Pinecone

This section walks you through setting up the Pinecone VectorStore to store document embeddings and perform similarity searches.

What is Pinecone?

Pinecone is a popular cloud-based vector database, which allows you to store and search vectors efficiently.

Prerequisites

  1. Pinecone Account: Before you start, sign up for a Pinecone account.

  2. Pinecone Project: Once registered, create a new project, an index, and generate an API key. You’ll need these details for configuration.

  3. OpenAI Account: Create an account at OpenAI Signup and generate the token at API Keys.

Configuration

To set up PineconeVectorStore, gather the following details from your Pinecone account:

  • Pinecone API Key

  • Pinecone Environment

  • Pinecone Project ID

  • Pinecone Index Name

  • Pinecone Namespace

This information is available to you in the Pinecone UI portal.

When setting up embeddings, select a vector dimension of 1536. This matches the dimensionality of OpenAI’s model text-embedding-ada-002, which we’ll be using for this guide.

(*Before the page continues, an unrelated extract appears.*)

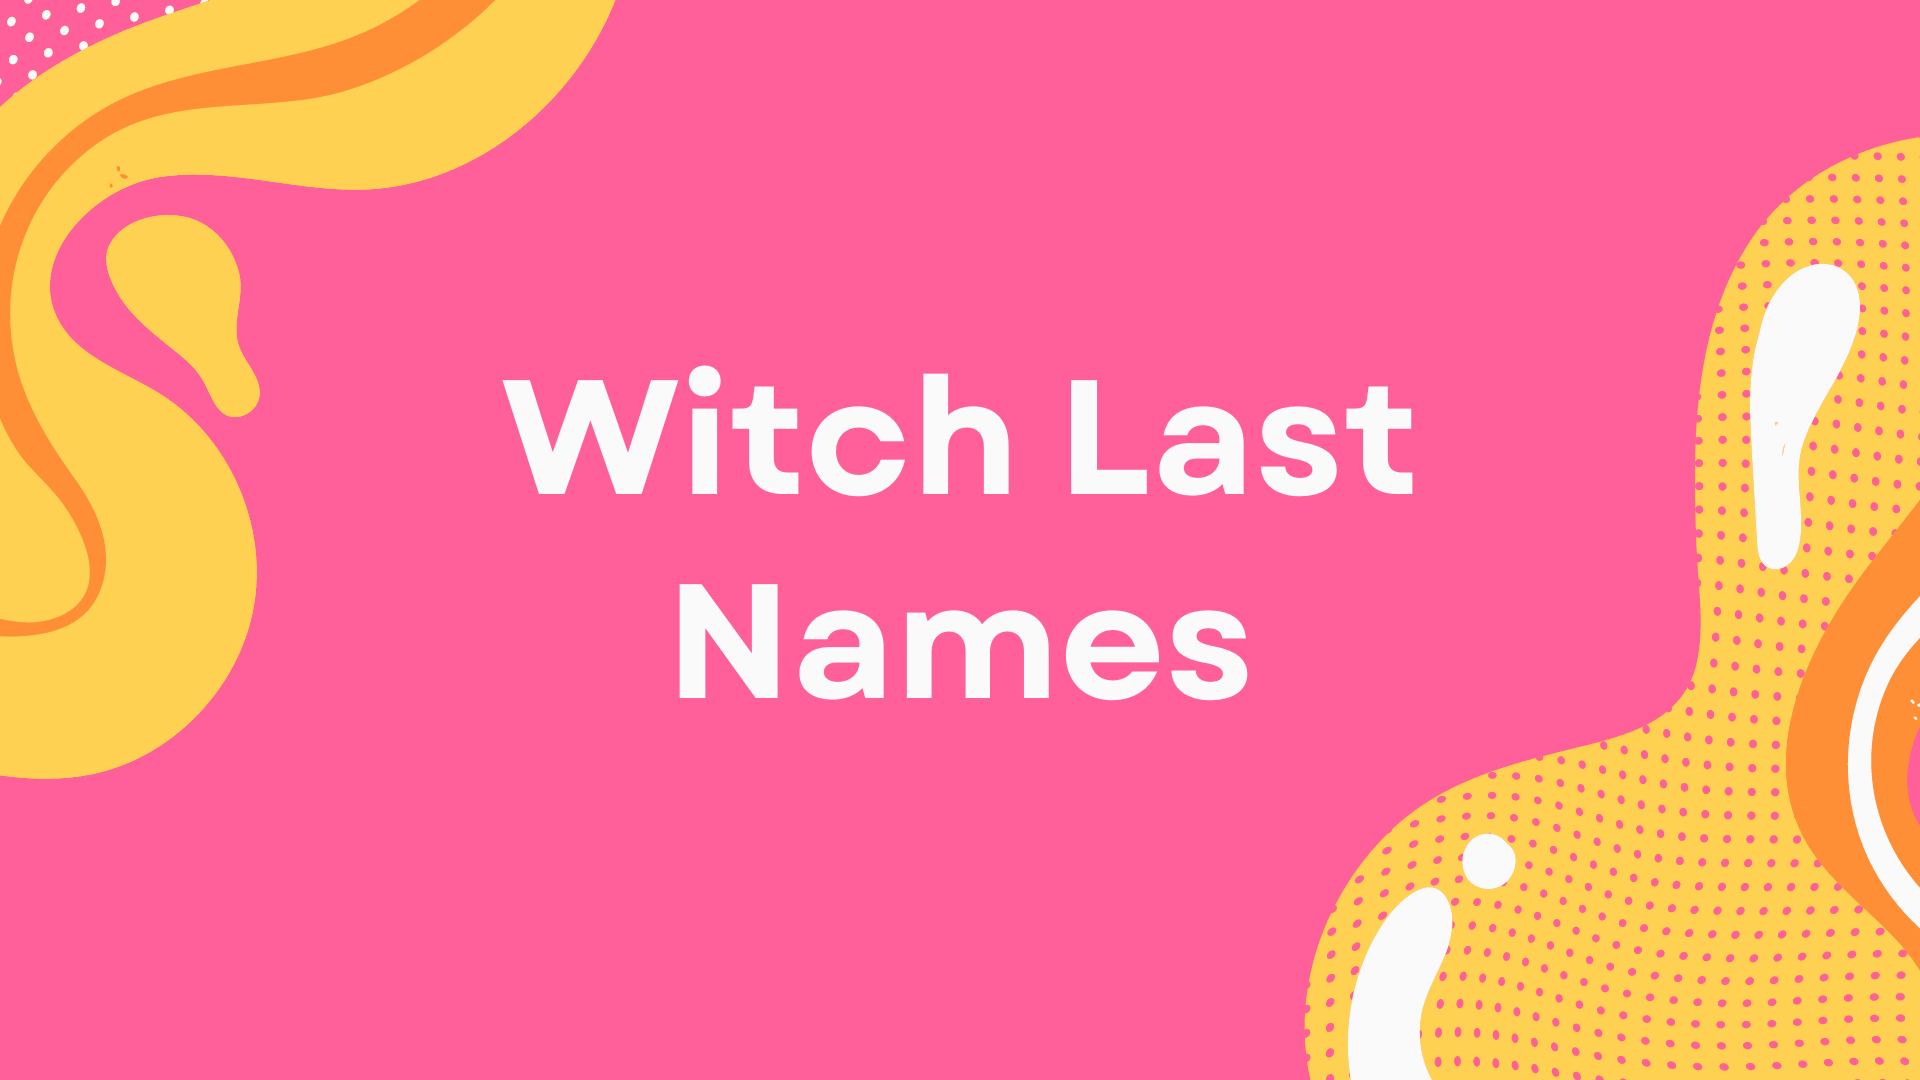 135 Witch Last Names With Meanings (+Witchy Last Names)
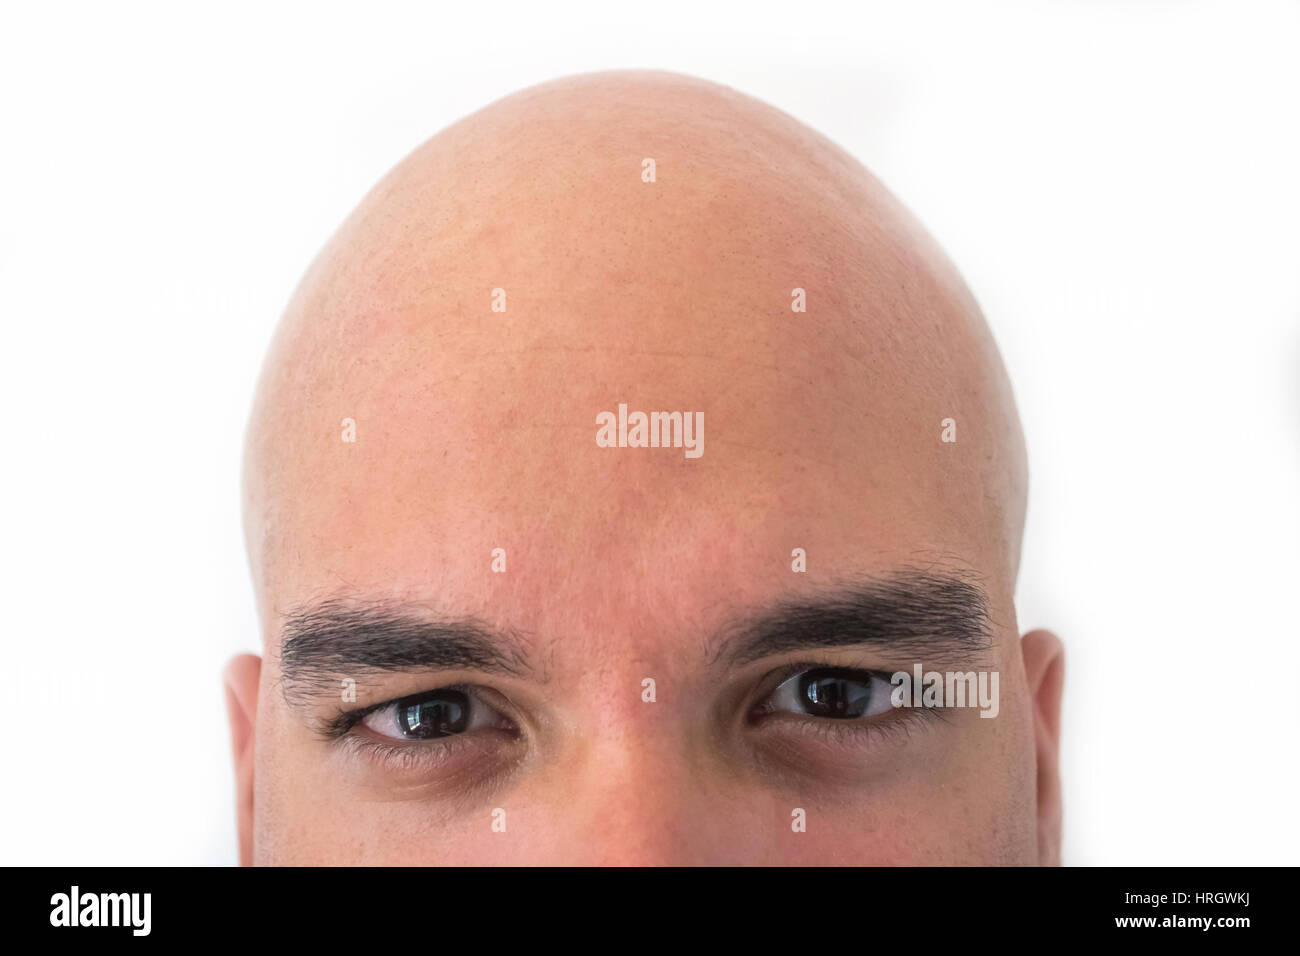 Half face of bald man in white background. Closeup of the eyes. Stock Photo

Additionally, you’ll need to provide your OpenAI API Key. Set it as an environment variable like so:

export SPRING_AI_OPENAI_API_KEY='Your_OpenAI_API_Key'

Repository

To acquire Spring AI artifacts, declare the Spring Snapshot repository:

<repository>
	<id>spring-snapshots</id>
	<name>Spring Snapshots</name>
	<url>https://repo.spring.io/snapshot</url>
	<releases>
		<enabled>false</enabled>
	</releases>
</repository>

Dependencies

Add these dependencies to your project:

  • OpenAI: Required for calculating embeddings.

<dependency>
	<groupId>org.springframework.ai</groupId>
	<artifactId>spring-ai-openai-spring-boot-starter</artifactId>
</dependency>
  • Pinecone

<dependency>
    <groupId>org.springframework.ai</groupId>
    <artifactId>spring-ai-pinecone</artifactId>
</dependency>
Refer to the Dependency Management section to add the Spring AI BOM to your build file.

Sample Code

To configure Pinecone in your application, you can use the following setup:

@Bean
public PineconeVectorStoreConfig pineconeVectorStoreConfig() {

    return PineconeVectorStoreConfig.builder()
        .withApiKey(<PINECONE_API_KEY>)
        .withEnvironment("gcp-starter")
        .withProjectId("89309e6")
        .withIndexName("spring-ai-test-index")
        .withNamespace("") // the free tier doesn't support namespaces.
        .build();
}

Integrate with OpenAI’s embeddings by adding the Spring Boot OpenAI starter to your project. This provides you with an implementation of the Embeddings client:

@Bean
public VectorStore vectorStore(PineconeVectorStoreConfig config, EmbeddingClient embeddingClient) {
    return new PineconeVectorStore(config, embeddingClient);
}

In your main code, create some documents:

List<Document> documents = List.of(
	new Document("Spring AI rocks!! Spring AI rocks!! Spring AI rocks!! Spring AI rocks!! Spring AI rocks!!", Map.of("meta1", "meta1")),
	new Document("The World is Big and Salvation Lurks Around the Corner"),
	new Document("You walk forward facing the past and you turn back toward the future.", Map.of("meta2", "meta2")));

Add the documents to Pinecone:

vectorStore.add(List.of(document));

And finally, retrieve documents similar to a query:

List<Document> results = vectorStore.similaritySearch(SearchRequest.query("Spring").withTopK(5));

If all goes well, you should retrieve the document containing the text "Spring AI rocks!!".